Problem source

A particle moves so that ${\bf r}$, 
its displacement from a fixed origin at time $t$, 
is given by 
\[{\bf r} = \l \sin{2t} \r {\bf i} + \l 2\cos t \r \bf{j}\,,\] 
where $0 \le t < 2\pi$.
\begin{questionparts}
\item  Show that the particle passes through the origin exactly twice.
\item  Determine the times when the velocity of the particle is perpendicular to its displacement. 
\item  Show that, when the particle is not at the origin,
its velocity is never parallel to its displacement.
\item  Determine the maximum distance of the particle from the origin, and sketch the path of the particle.
\end{questionparts}

Solution source

\begin{questionparts}
\item It is at the origin when both $\sin 2t$ and $\cos t = 0$, but this $\sin 2t = 2 \sin t \cos t$ so this happens precisely when $\cos t = 0$, ie when $t = \frac{\pi}{2}, \frac{3\pi}{2}$

\item $\,$ \begin{align*}
&& \dot{\mathbf{r}} &= 2 \cos 2t \mathbf{i} - 2 \sin t \mathbf{j} \\
&& \mathbf{r} \cdot \dot{\mathbf{r}} &= 2\cos 2t \sin 2t - 2 \sin t 2 \cos t  \\
&&&= \sin 2t \left (2\cos 2t - 2 \right) 
\end{align*}
Therefore they are perpendicular when $\sin 2t = 0 \Rightarrow t = 0, \frac{\pi}{2}, \pi, \frac{3\pi}{2}, 2\pi$ and when $\cos 2t = 1 \Rightarrow 2t = 0, 2\pi, 4\pi \Rightarrow t = 0, \pi, 2\pi$, therefore all solutions are $ t = 0, \frac{\pi}{2}, \pi, \frac{3\pi}{2}, 2\pi$

\item For $\mathbf{r}$ and $\dot{\mathbf{r}}$ to be parallel, we would need 
\begin{align*}
&& \frac{2 \cos 2t}{\sin 2t} &= \frac{-2 \sin t}{2 \cos t}\\
&& 2 \cos 2t \cos t  &= - \sin t \sin 2t \\
&& 0 &= 2\cos t (\cos 2t + \sin ^2 t) \\
&&&= 2 \cos t (\cos^2 t) \\
&&&= 2 \cos^3 t
\end{align*}

Therefore the only time we can be parallel is when $\cos t = 0$, which is when we are at the origin.

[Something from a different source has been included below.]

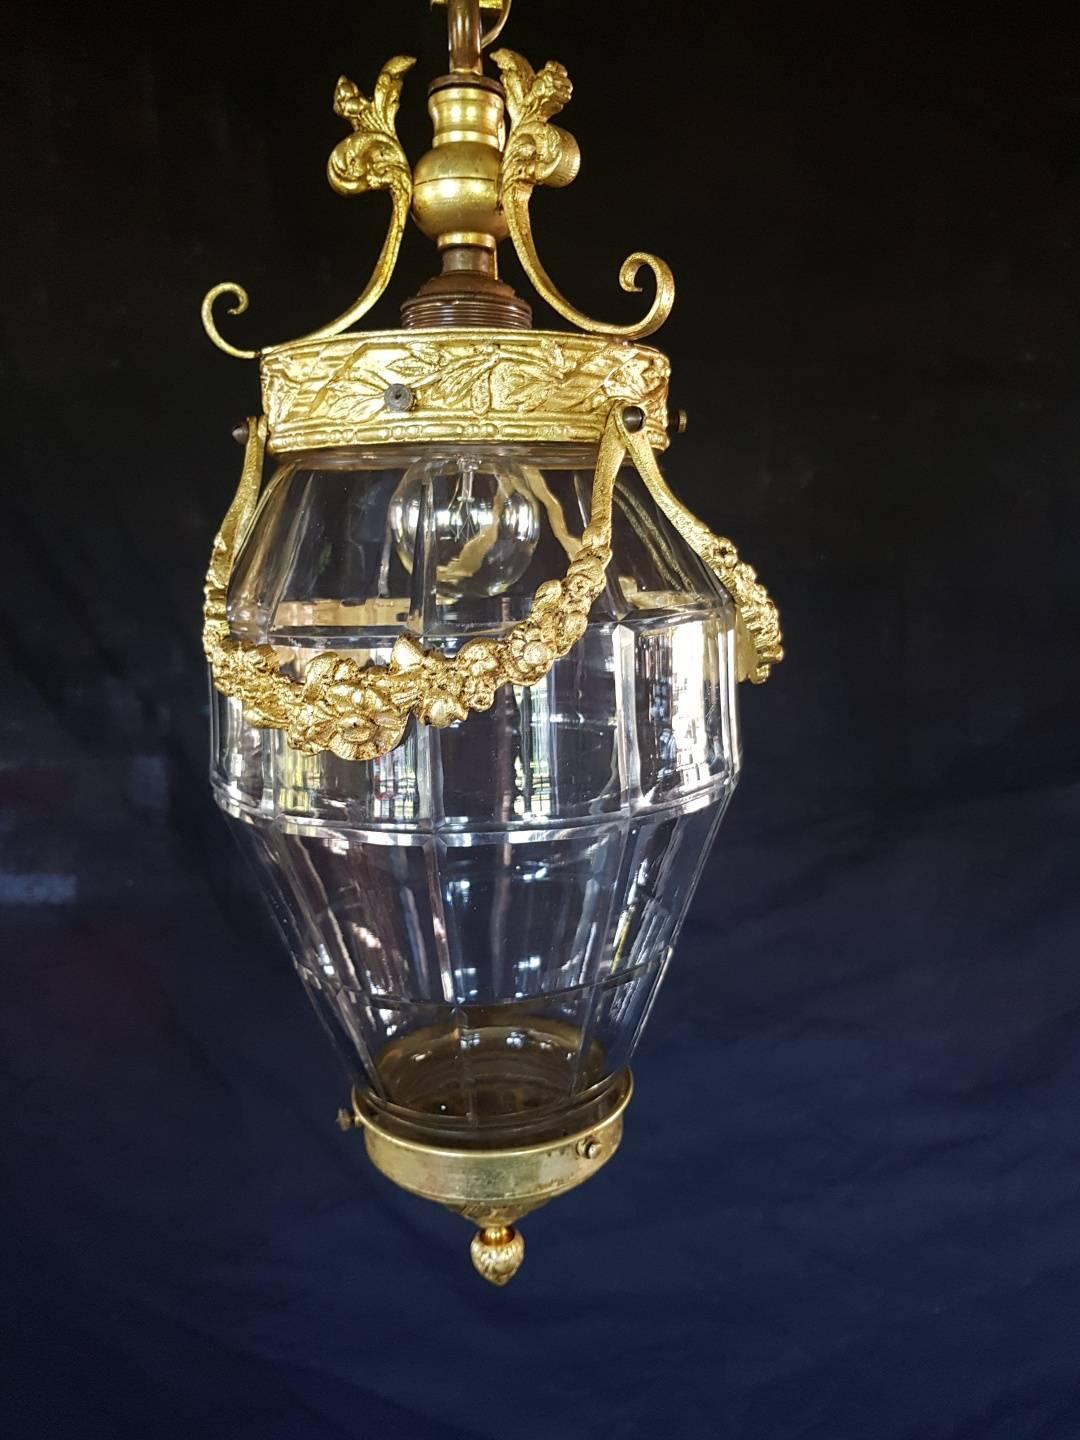 Antique Gilt Bronze Lantern with Molded Cut-Glass For Sale 4

\item $\frac{\d }{\d t} (\mathbf{r} \cdot \mathbf{r}) = 2 \mathbf{r} \cdot \mathbf{\dot{r}}$ so we should check the values when velocity and displacement are perpendicular, ie $ t = 0, \frac{\pi}{2}, \pi, \frac{3\pi}{2}, 2\pi$ which have values $\mathbf{r} = \binom{0}{2}, \binom{0}{0}, \binom{0}{-2}, \binom{0}{0}, \binom{0}{2}$. Therefore the maximum distance is $2$.

\begin{center}
    \begin{tikzpicture}
    \def\functionf(#1){sqrt(1/((#1)^2+1))};
    \def\xl{-3};
    \def\xu{3};
    \def\yl{-3};
    \def\yu{3};
    
    % Calculate scaling factors to make the plot square
    \pgfmathsetmacro{\xrange}{\xu-\xl}
    \pgfmathsetmacro{\yrange}{\yu-\yl}
    \pgfmathsetmacro{\xscale}{10/\xrange}
    \pgfmathsetmacro{\yscale}{10/\yrange}
    
    % Define the styles for the axes and grid
    \tikzset{
        axis/.style={very thick, ->},
        grid/.style={thin, gray!30},
        x=\xscale cm,
        y=\yscale cm
    }
    
    % Define the bounding region with clip
    \begin{scope}
        % You can modify these values to change your plotting region
        \clip (\xl,\yl) rectangle (\xu,\yu);


        \draw[thick, blue, smooth, domain=0:400, samples=400] 
            plot ({sin(2*\x)}, {2*cos(\x)});

        \filldraw (0, 2) circle (1.5pt) node[above right] {$2$};
        \filldraw (0, -2) circle (1.5pt) node[above right] {$-2$};
        % \filldraw (0, -2) circle (1.5pt) {$-2$};

%         \foreach \x in {0,1,2,3,4,5} {
% % %     \draw (\x,0.1) -- (\x,-0.1) node[below] {$x_{\x}$};
% % %   }
        % \node[blue, above, rotate=-20] at (3, {4*\functionf(3)}) {\tiny $y^2(x^2+a^2) = c^2$}; 
    \end{scope}
    
    % Set up axes
    \draw[axis] (\xl,0) -- (\xu,0) node[right] {$x$};
    \draw[axis] (0,\yl) -- (0,\yu) node[above] {$y$};
    
    \end{tikzpicture}
\end{center}

\end{questionparts}